The Kostoglotov and Umez tapes are now for sale from the paypal buttons on the right, plus Kostoglotov's tapes 'Louis Althussar knows why my heart is asunder' has already received two favourable reviews from A Closer Listen and Soundblab, see below:
Louis might be aware of Kostoglotov’s malady but having died in 1990, the French philosopher isn’t really in a position to say. The music on this tape captures a mood of ineffable sadness though, so we are definitely aware that hearts are asunder, even if we’re not sure exactly why. Opening with the mournful arpeggio of an analogue synth, he gradually introduces layers of texture into the arrangement; a drone, a bassline, the clang of percussion, which reaches a swell of sound before swiftly dissolving. The second side unveils a puttery keyboard pattern that seems to be playing the rhythm, but not the tune of “The Gonk” from, before splitting amoeba-like into multiple synths which eventually coalesce into a beat and a swirling cloud of atmospheric texture. The tape takes us on some journey, for despite remaining fairly downbeat and introspective throughout, it’s an immensely pleasurable listening experience. If you love cassette releases, grab this now, to these ears it’s an early contender for tape of the year.
A Closer Listen
London-based knob-twiddler, Dalston clubnight maven and (full disclosure) Soundblab contributor Kostoglotov aka Daryl Worthington gained some exposure last year with a plethora of releases.

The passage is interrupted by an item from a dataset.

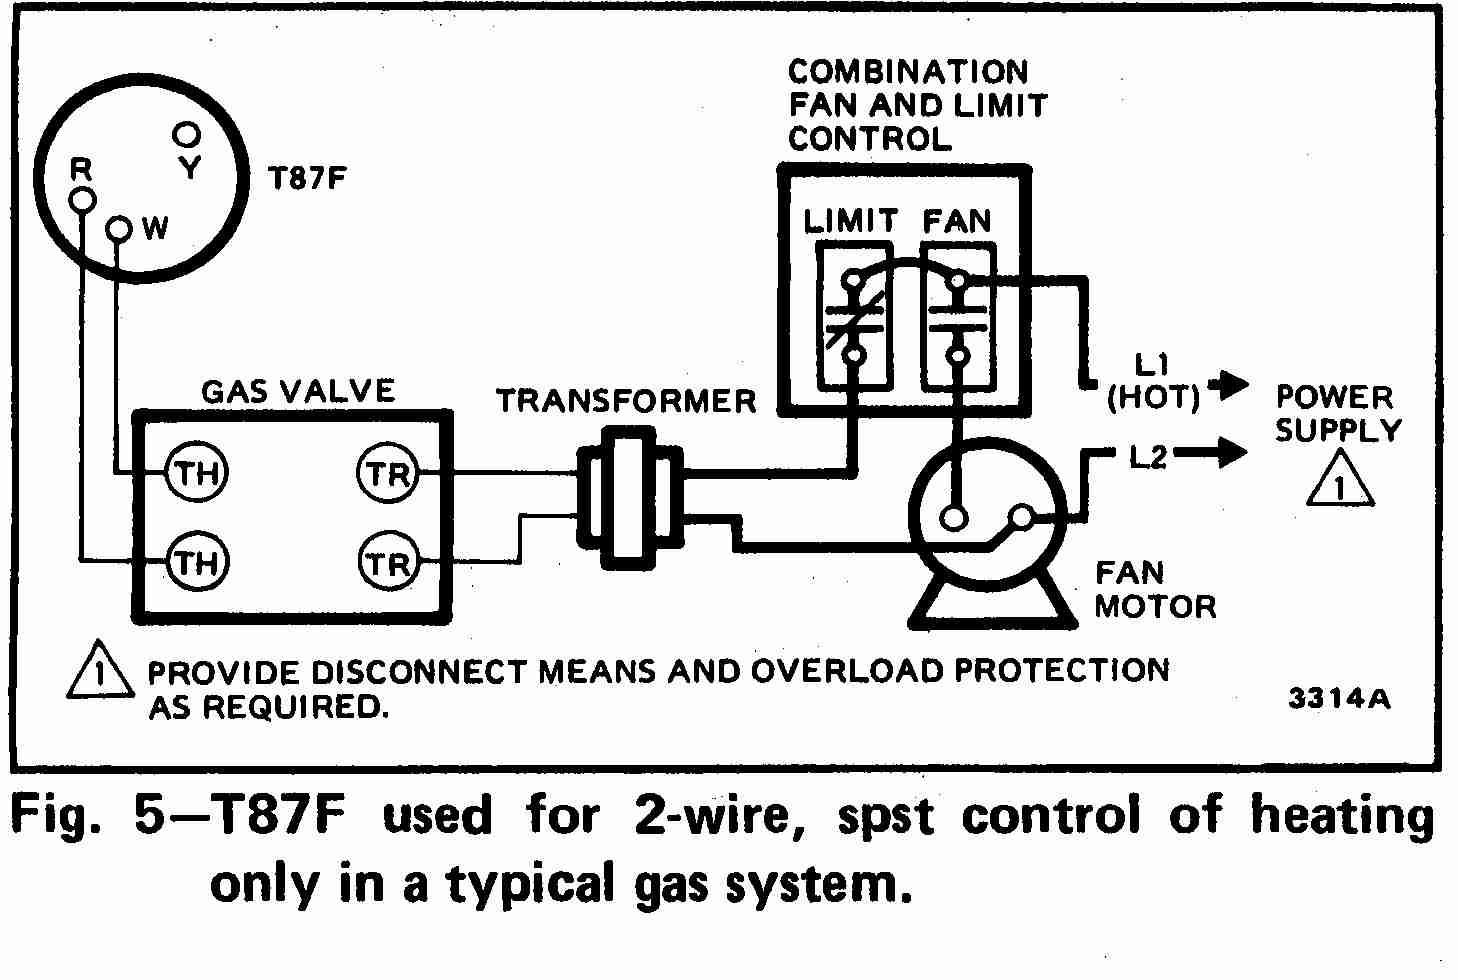 TT_T87F_0002_2Wg_DJF?resize=665%2C447 totaline thermostat wiring diagram p474 wiring diagram totaline thermostat p474-1010 wiring diagram at gsmportal.co
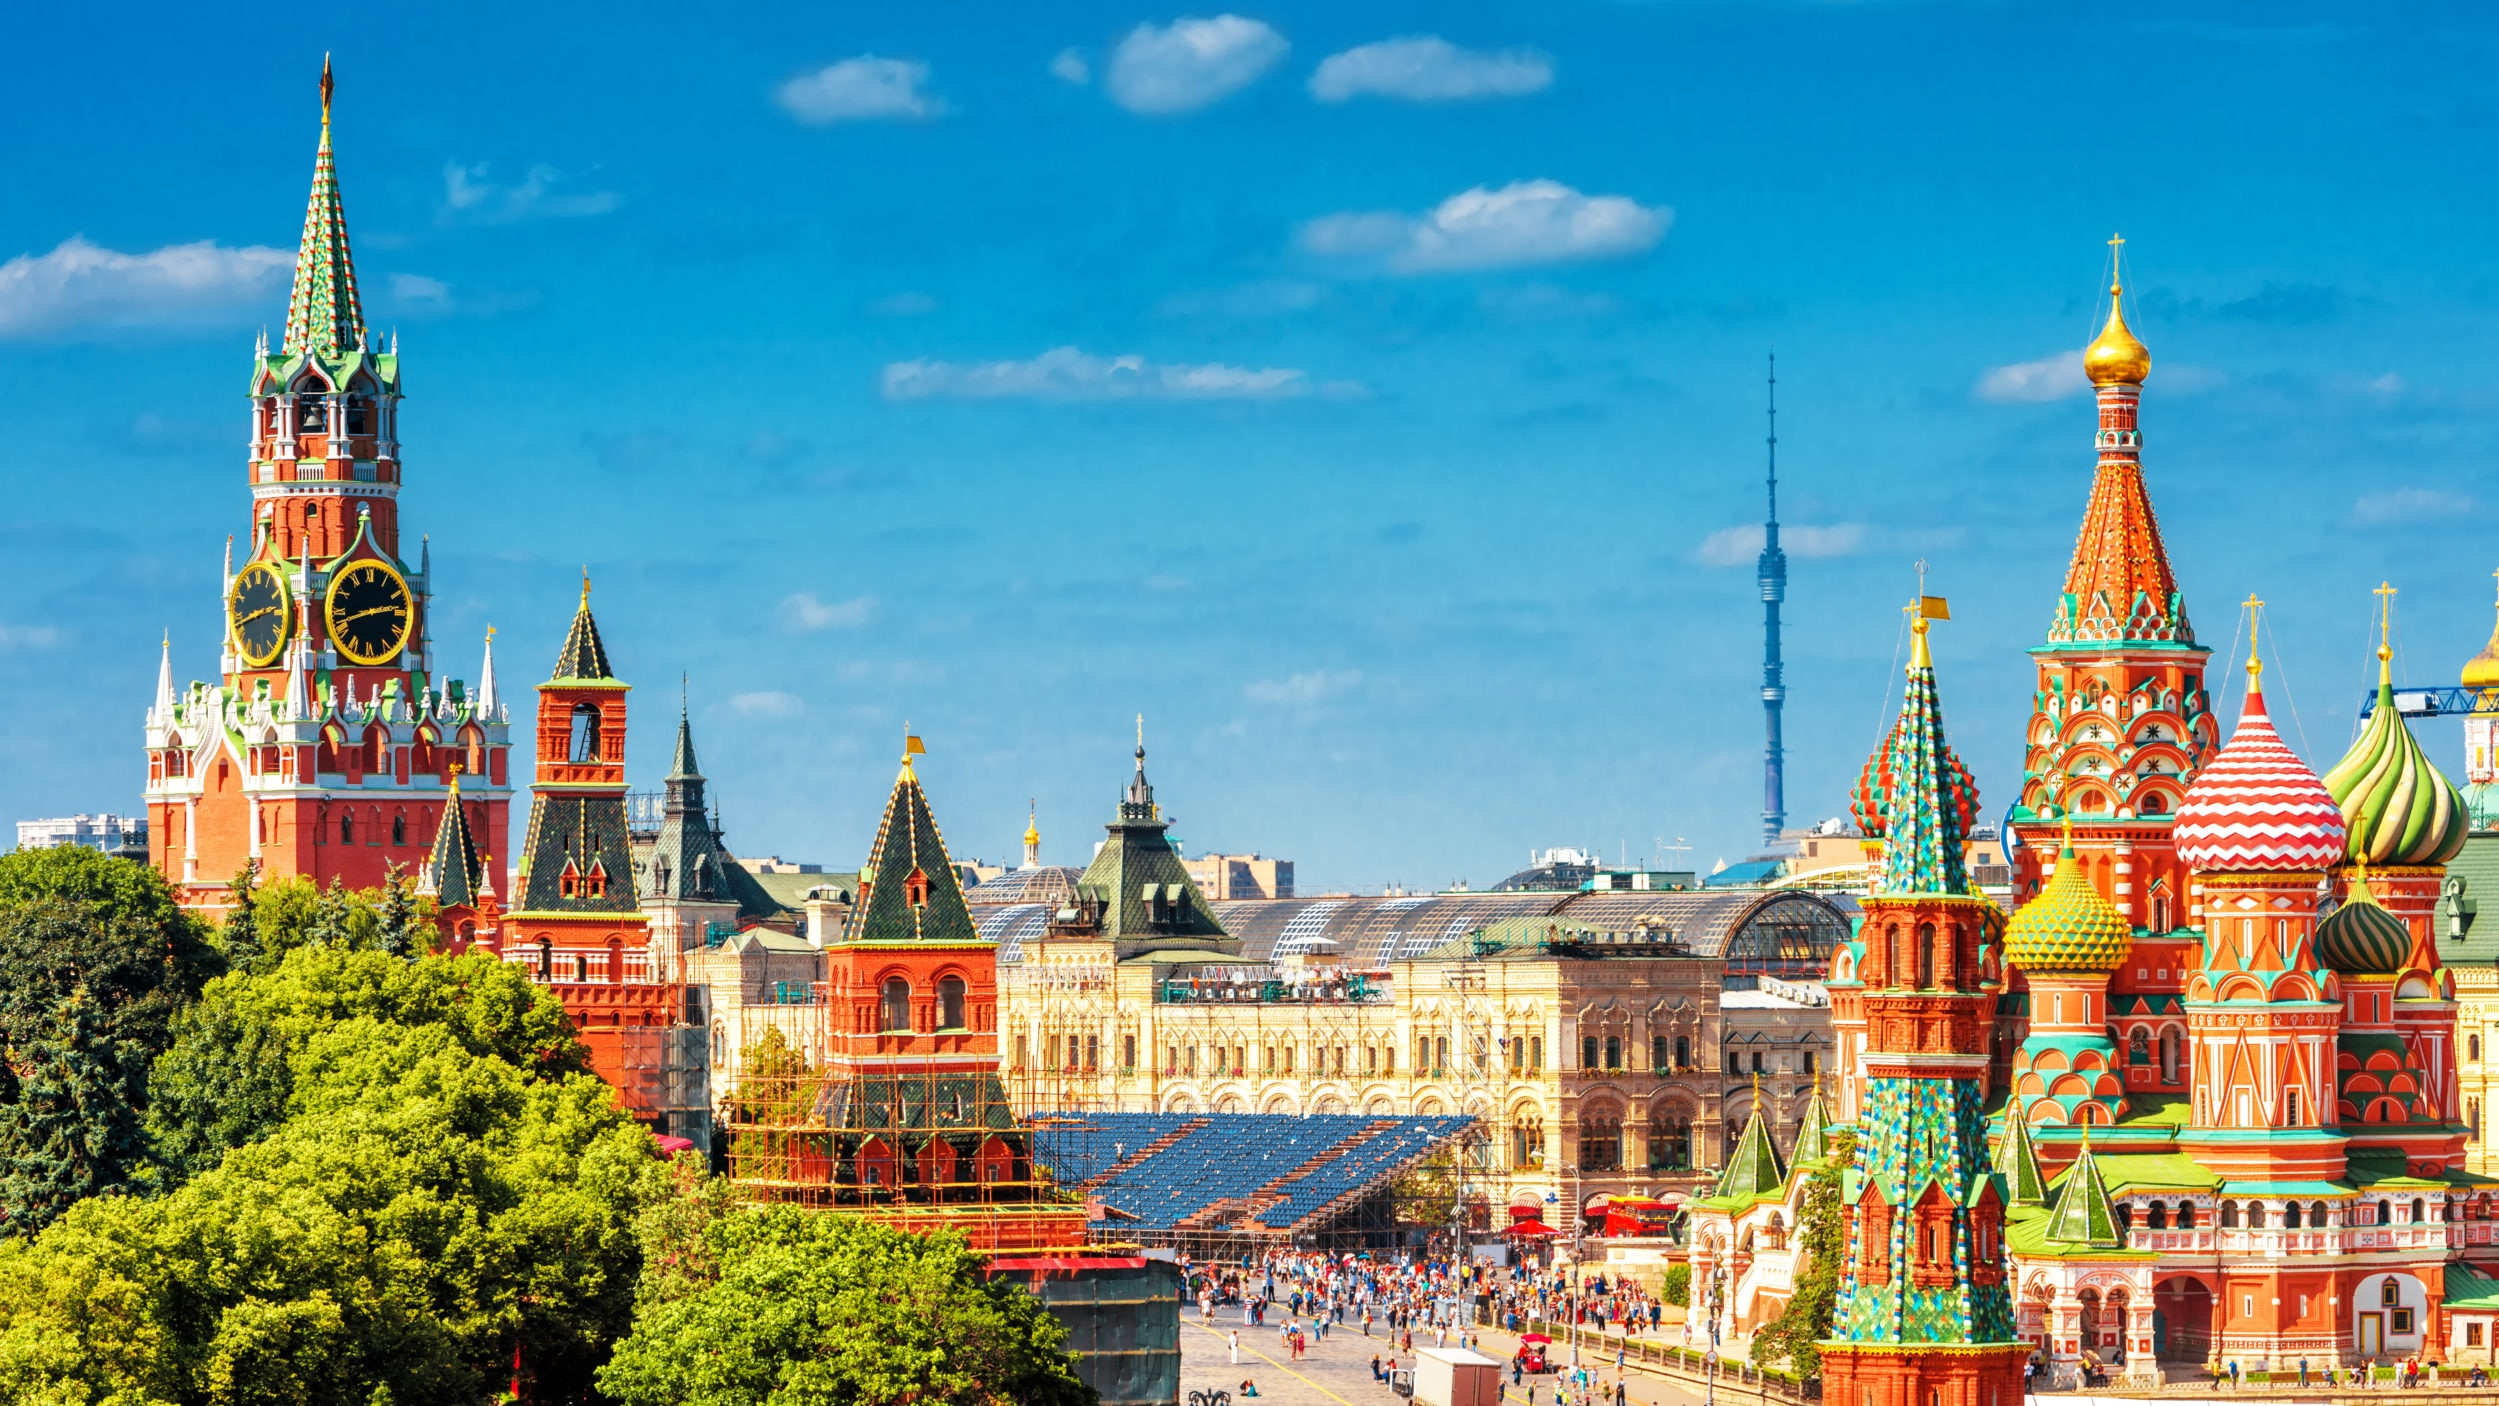 Russia [Shutterstock]

He kicks off 2013 with this new one on Liminal Noise Tapes. Divided into two long pieces of music, each one split into three sections,Louis Althusser knows why my heart is asunder is, as its title suggests, inspired by the life of post-modern Marxist philosopher Louis Althusser, although I don't think you necessarily need to know that to enjoy the music.
'Side A', then, begins with twinkling, utopian synths and warm washes, very much in the vein of Vangelis, and stays like this for a good few minutes before some unsettling rhythms emerge, leading to a new section where desolate pads underpin an echoing siren-sound. Kostoglotov expertly builds the music here, layering textures to maximise both an emotional depth and a sense of a wide, barren space. After the flat emptiness comes what sounds like a brief evocation of a busy city-scape, which in turn gives way to a longer final section of recurring chimes and burbling synths, recalling Cluster at their most pastoral.
'Side B' continues this bucolic theme, beginning with airy, vapour trail synths chuntering along in a blue sky. Here, the music unwinds and builds slowly, again adding textures in the style of Tangerine Dream at their most 70s kosmische. Eventually, this falls away as the music moves into a sparser, stiller phase, with only minimal, clict thking beats to give a sense of movement. The following section, however, feels as though it begins almost arbitrarily, with no build-up. It's the one time Kostoglotov's production skills seem to fall short. That said, the music itself remains lovely, so it's not a huge deal.
Overall, the music on 'Side B' is cinematic, widescreen, with a travelogue feel that recalls Dam Mantle. It feels like a sincere attempt to filter some 70s progressive influences through a modern lens and in this it succeeds.Louis Althusser knows why my heart is asunder could maybe do with a few more peaks and troughs throughout, but 'Side A' is a never less than interesting listen while 'Side B' is simply gorgeous. Definitely an artist worth keeping an eye on.